There are a lot of community tools that the people personal Microsoft Teams is aimed at are using and, like enterprise Teams, personal Teams will start integrating those into Communities. The first of those will be SignUpGenius, a service that replaces paper signup sheets or email chains for small businesses and volunteer groups: Next year, you’ll be able to add a signup option to a Microsoft Teams community to organize more structured things like carpooling to work or who’s bringing what to the company picnic.

Microsoft says it will add more integrations in the future, and there are other Microsoft services that would make sense here, like Microsoft Bookings for arranging appointments or the personal version of Microsoft Lists or PowerApps Cards that let you make microapps for entering information like a customized voting or rating screen.

And all this information will stay in a group environment that you control, with more management and moderation options than you’d have with Discord, Facebook or even Microsoft’s own GroupMe group chat service.

“Community owners have the ability to manage settings, set community guidelines, and add or remove participants and posts,” a Microsoft spokesperson told TechRepublic. “Additionally, community owners can add new events or meetings to your community calendar, invite guests, track attendance, and follow up with attendees through direct private chats.”

You have an invitation to join a community: it’s up to the community owner whether they are the only person who can send invites – which can be a link to click or a QR code to scan – or if people who have already joined can invite their friends.
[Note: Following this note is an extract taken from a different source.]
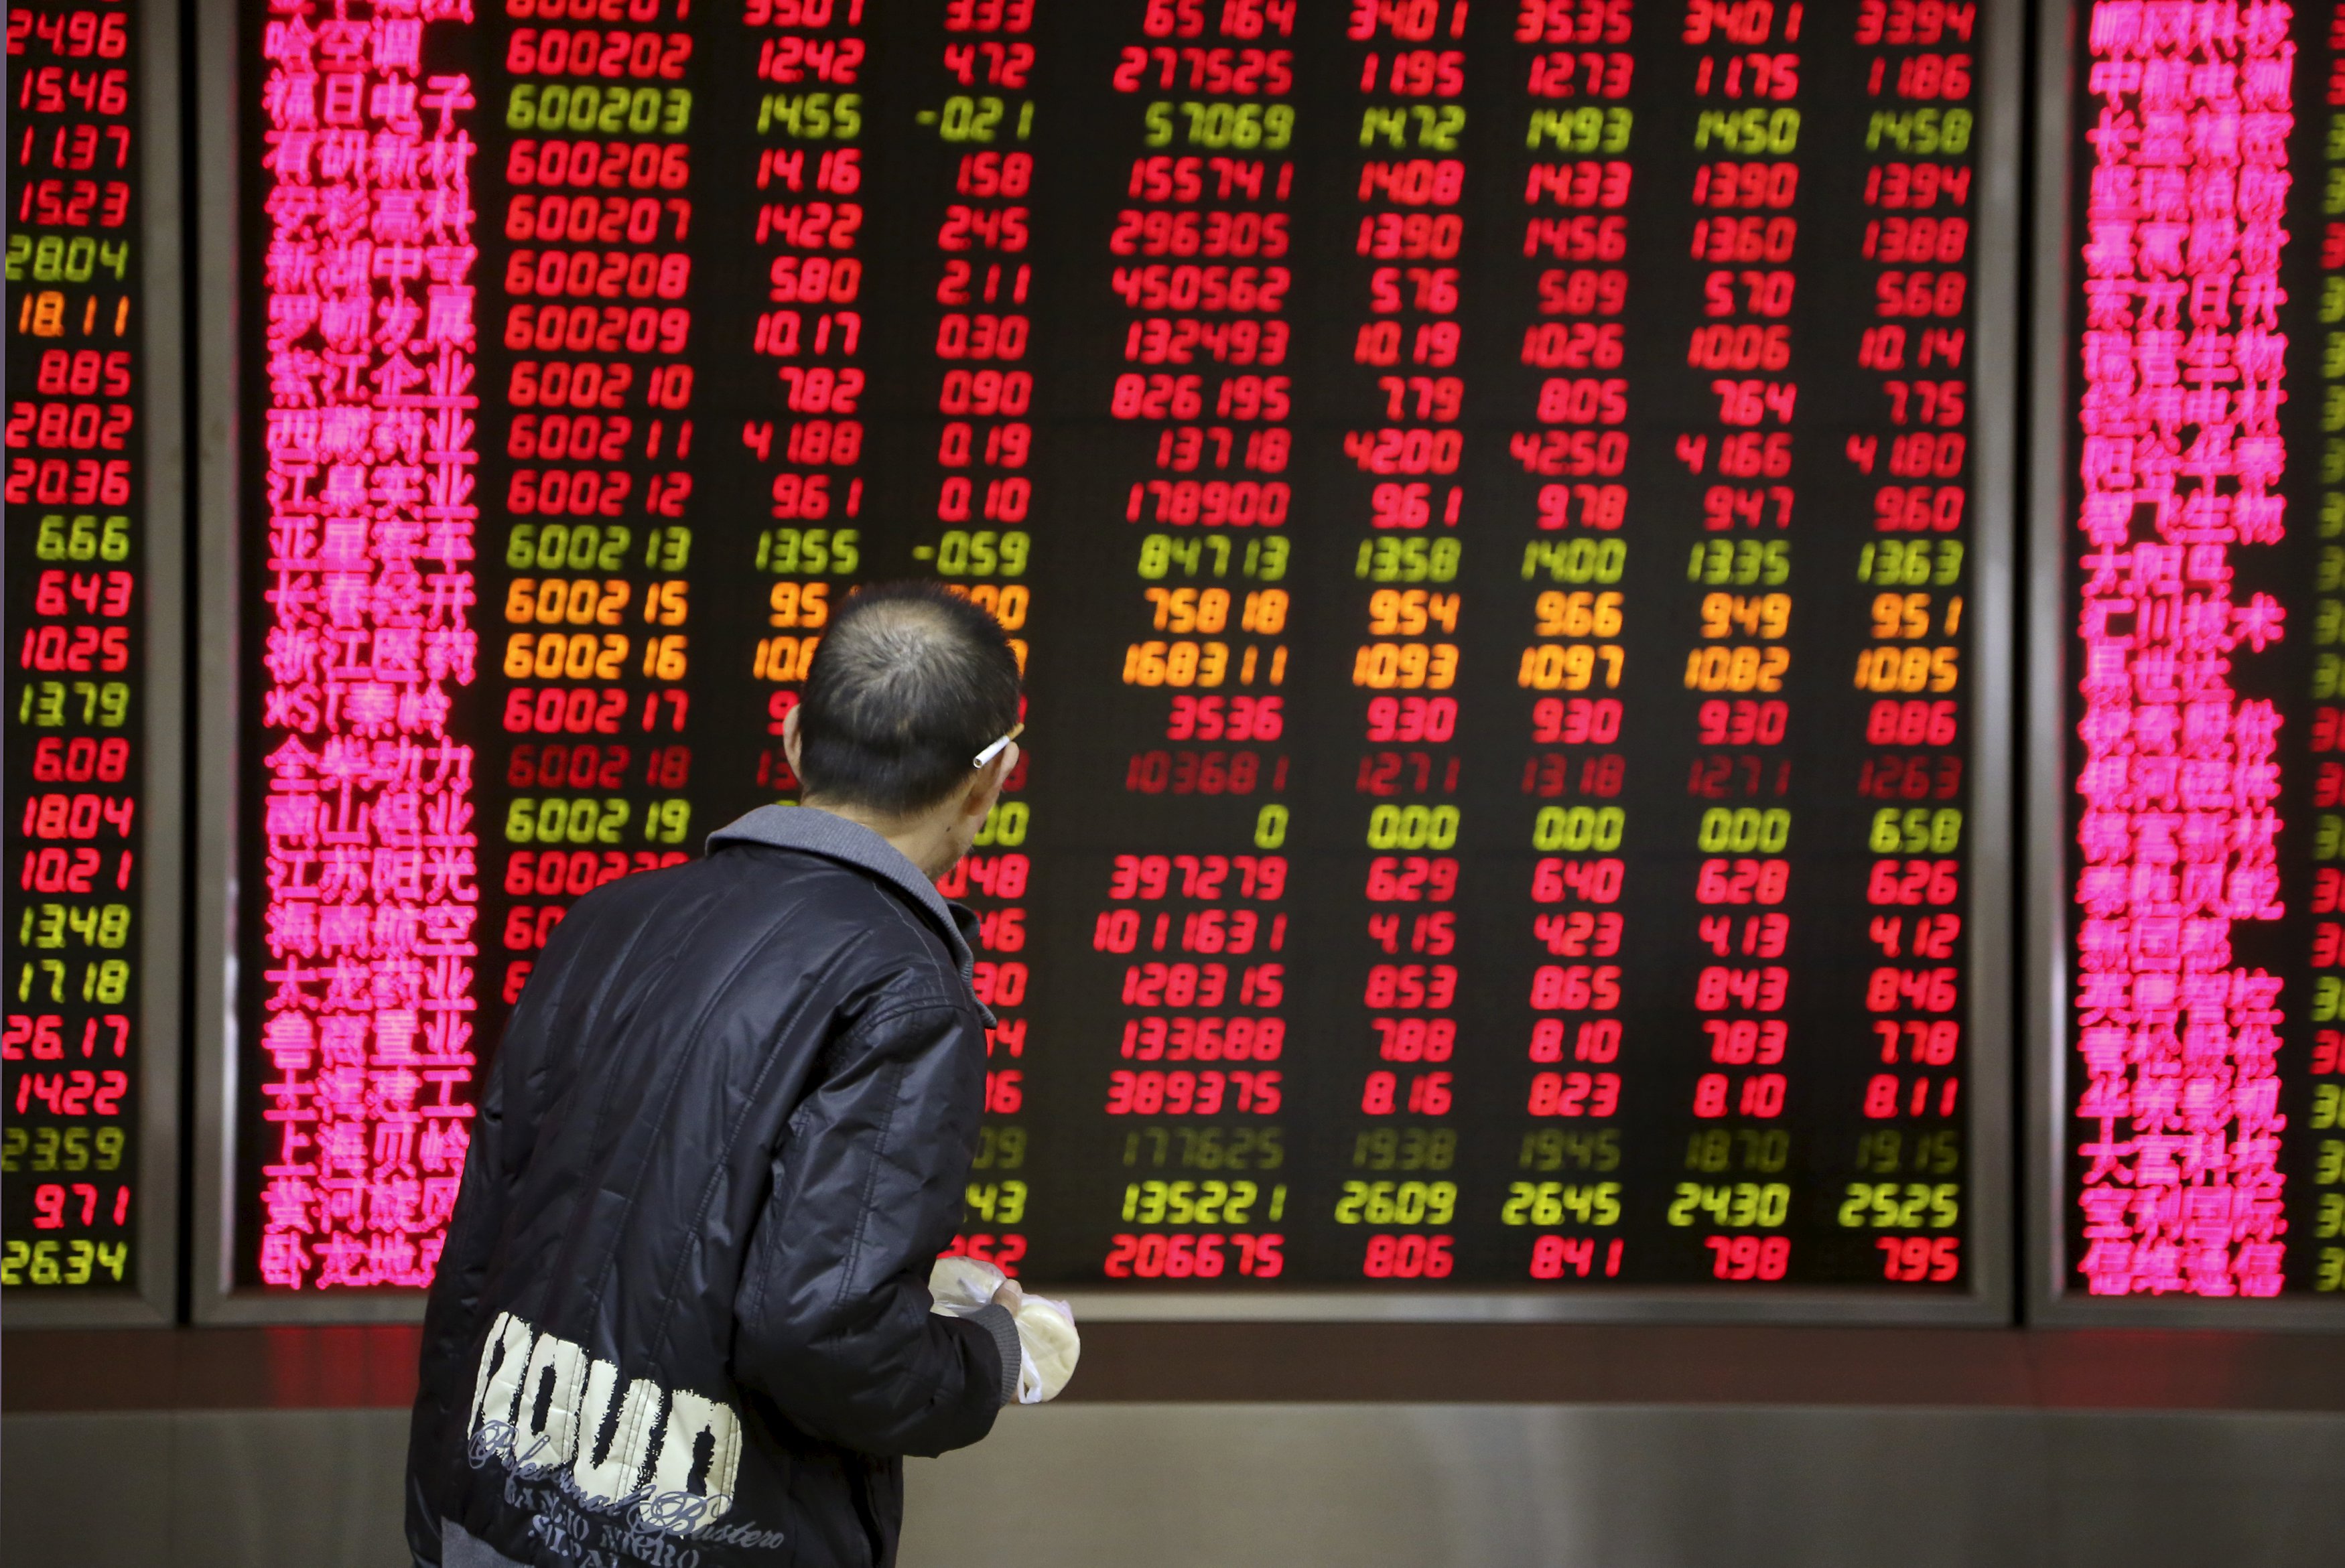 An investor walks past in front of an electronic board showing stock information at a brokerage house in Beijing, China, November 17, 2015. After a solid performance in morning trade, China stocks lost momentum and ended Tuesday flat as small caps slumped on profit-taking, reflecting how market sentiment remained fragile. REUTERS/Li Sanxian CHINA OUT. NO COMMERCIAL OR EDITORIAL SALES IN CHINA

Community owners can invite people directly using their email address or phone number, which makes it harder to spam people with invitations they’re not interested in, or remove someone who’s disruptive. If you’re using the community to share information with subscribers, students, employees or another kind of group that naturally changes over time, you can remove people who no longer qualify.

Anyone can edit their own messages to update details that change (or fix the annoying typo you see right after you press send) or delete them; community owners can also delete messages posted by community members if they’re off topic or unhelpful – or just clean up the discussions about planning an event or dealing with a problem once it’s all over.

There’s also an option to report concerning content directly to Microsoft, which should give businesses the confidence that using Teams won’t expose employees or customers to anything distressing.